# Can a cobalt mj600 powerhead be used externally (not submerged)?



## jamie1985 (Oct 11, 2012)

Hey everyone,
Just wondering if it would be possible for me to mount a cobalt mj600 powerhead externally to supply my GFO reactor? I dont have room in the back compartments of my biocube to submerge it. I would however possibly have room in the center compartment ontop of the grate where I could put it but it would not be submerged.

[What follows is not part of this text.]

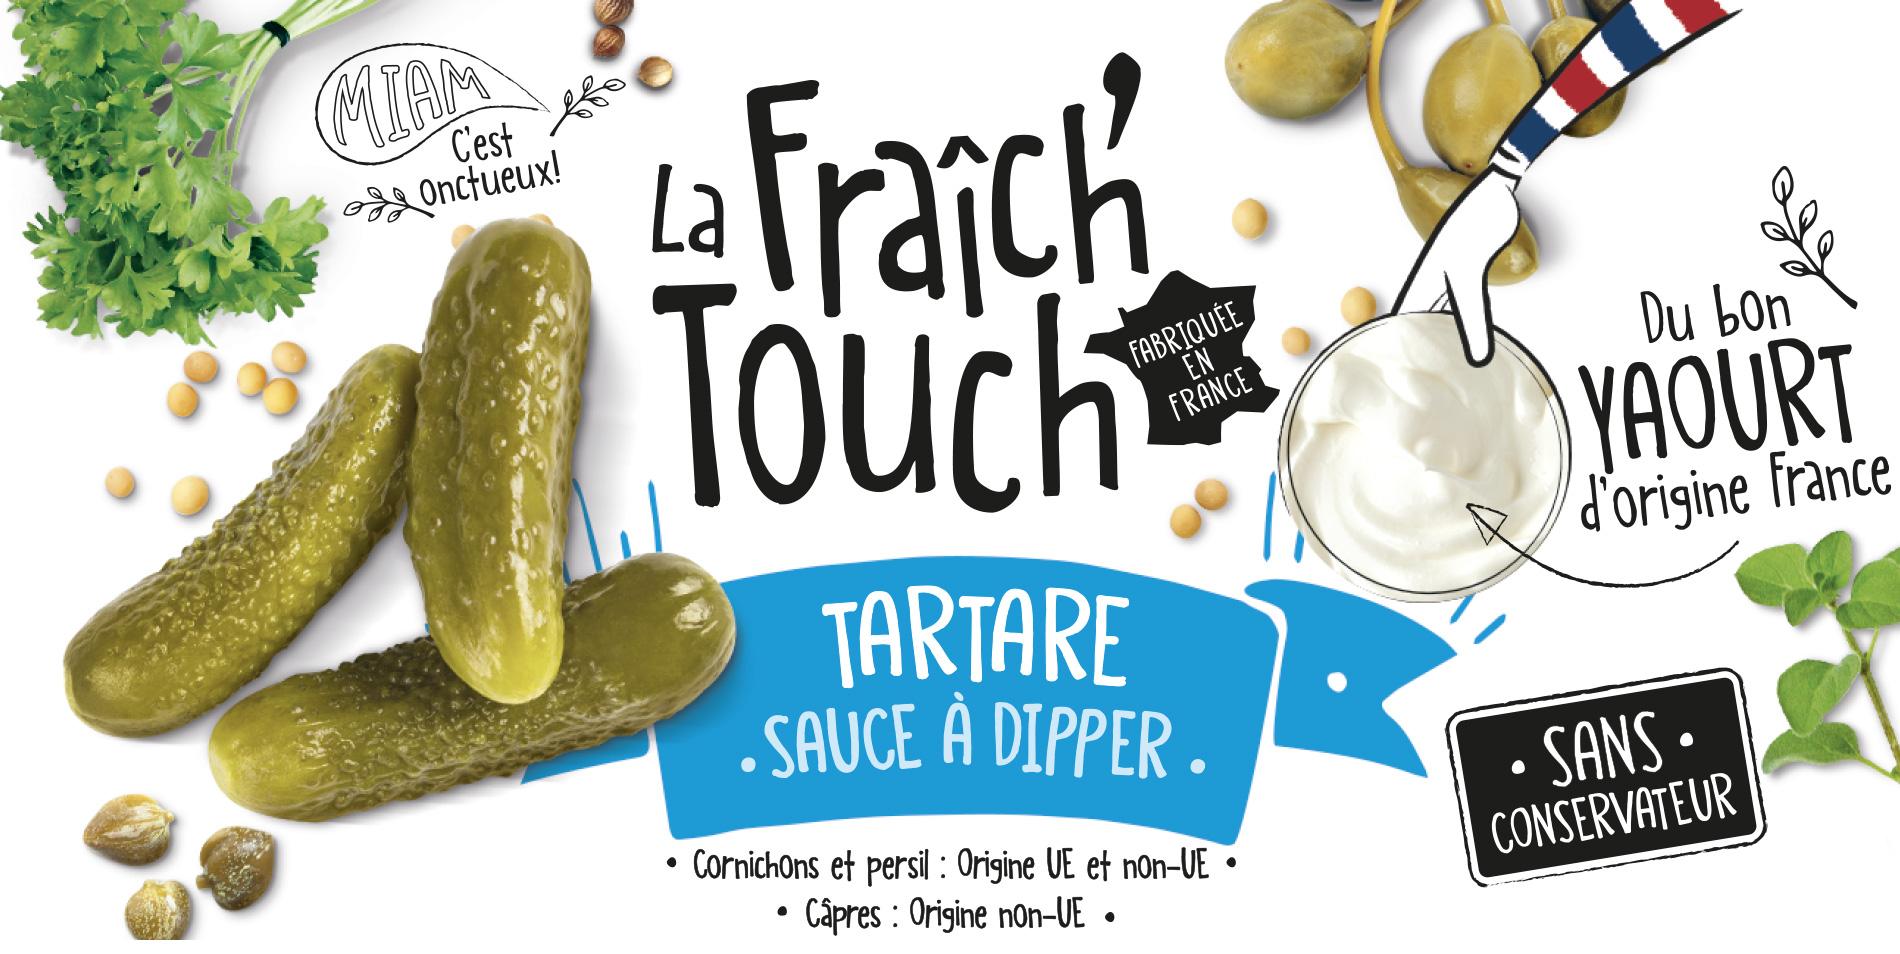 La Fraich'Touch cover sauce tartare
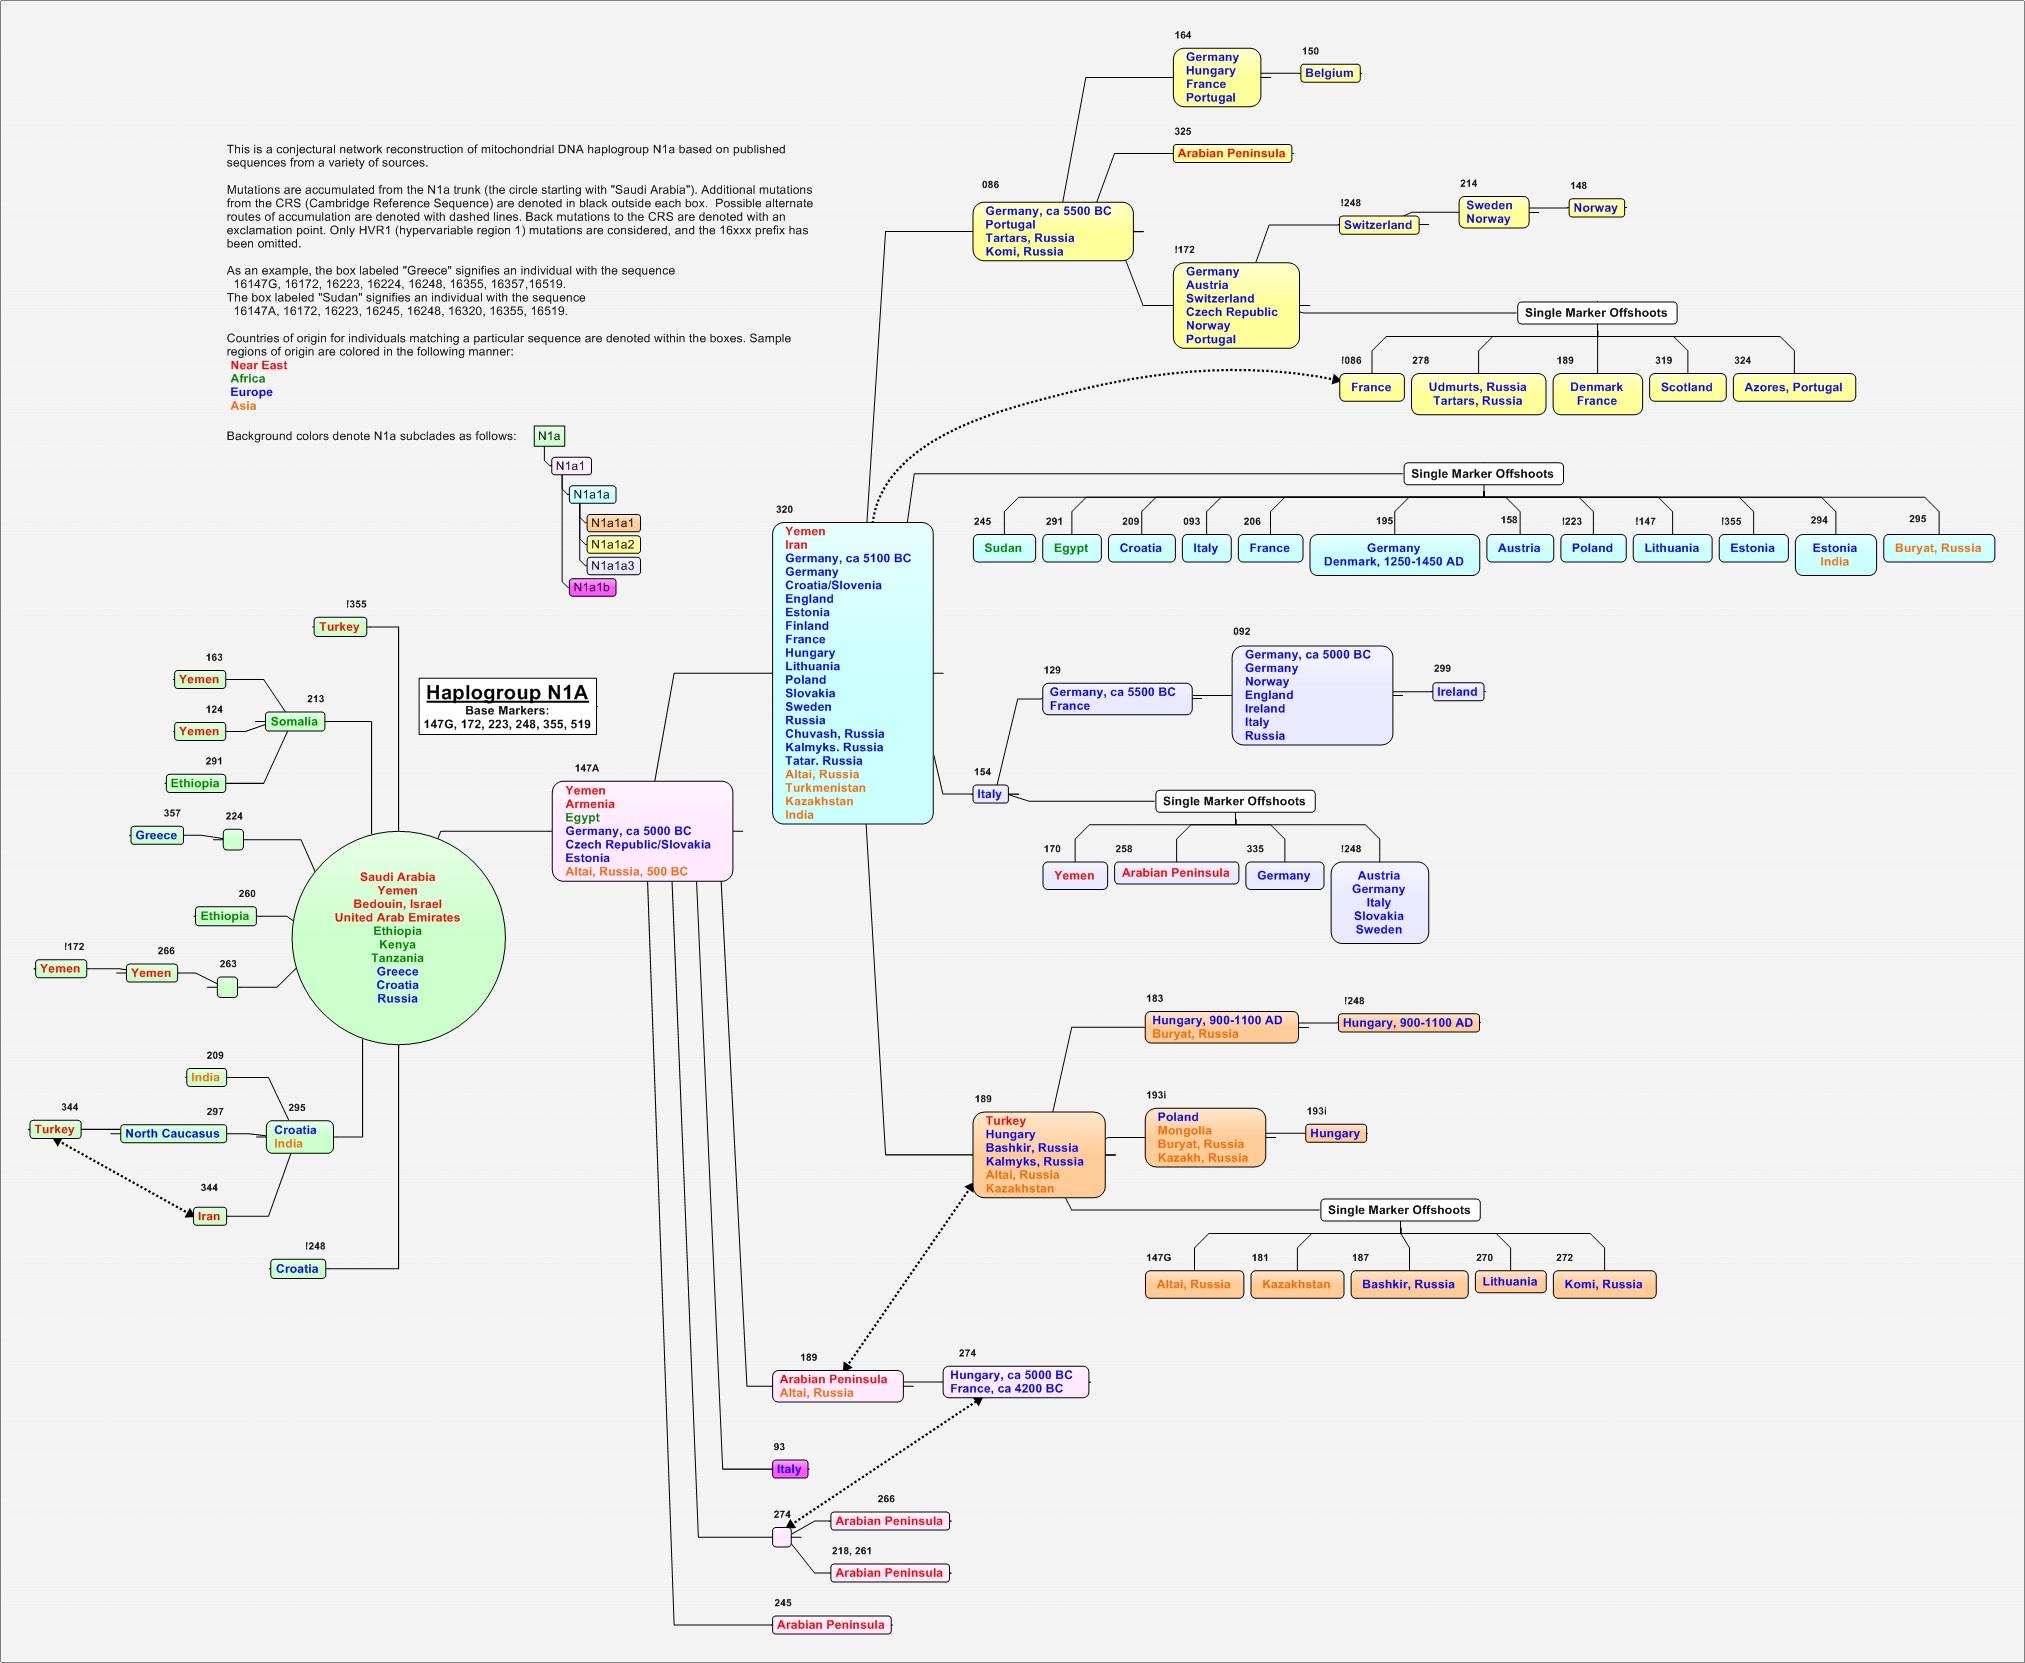 https://i0.wp.com/upload.wikimedia.org/wikipedia/commons/b/b6/N1a_Phylotree.jpg

Just wondering if this would work?
Thanks!

Sent from my SGH-I337M using Tapatalk


----------



## altcharacter (Jan 10, 2011)

I don't remember if they are water tight so you might get some leakage


----------



## jamie1985 (Oct 11, 2012)

It says this on the website:
1. Fully rotational output
2. Fully sealed intake for internal and external use
3. Universal intake tube
4. Adjustable hanger with cord guide and 6ft power cord
5. Adjustable venturi with silencer
6. Triple suction cup mount
7. Large intake screen for use with sponge
8. Fits 1/2" ID vinyl tubing

But I talked to a rep from bulk reef supply and he said its not reccomended because it will leak unless I silicone it...he also said that it will barely work for a GFO yet it is the one that is recceomended for their canisters...he said the head on it is not too much but on the website it says max beight is 53"....I am confused...

Sent from my SGH-I337M using Tapatalk


----------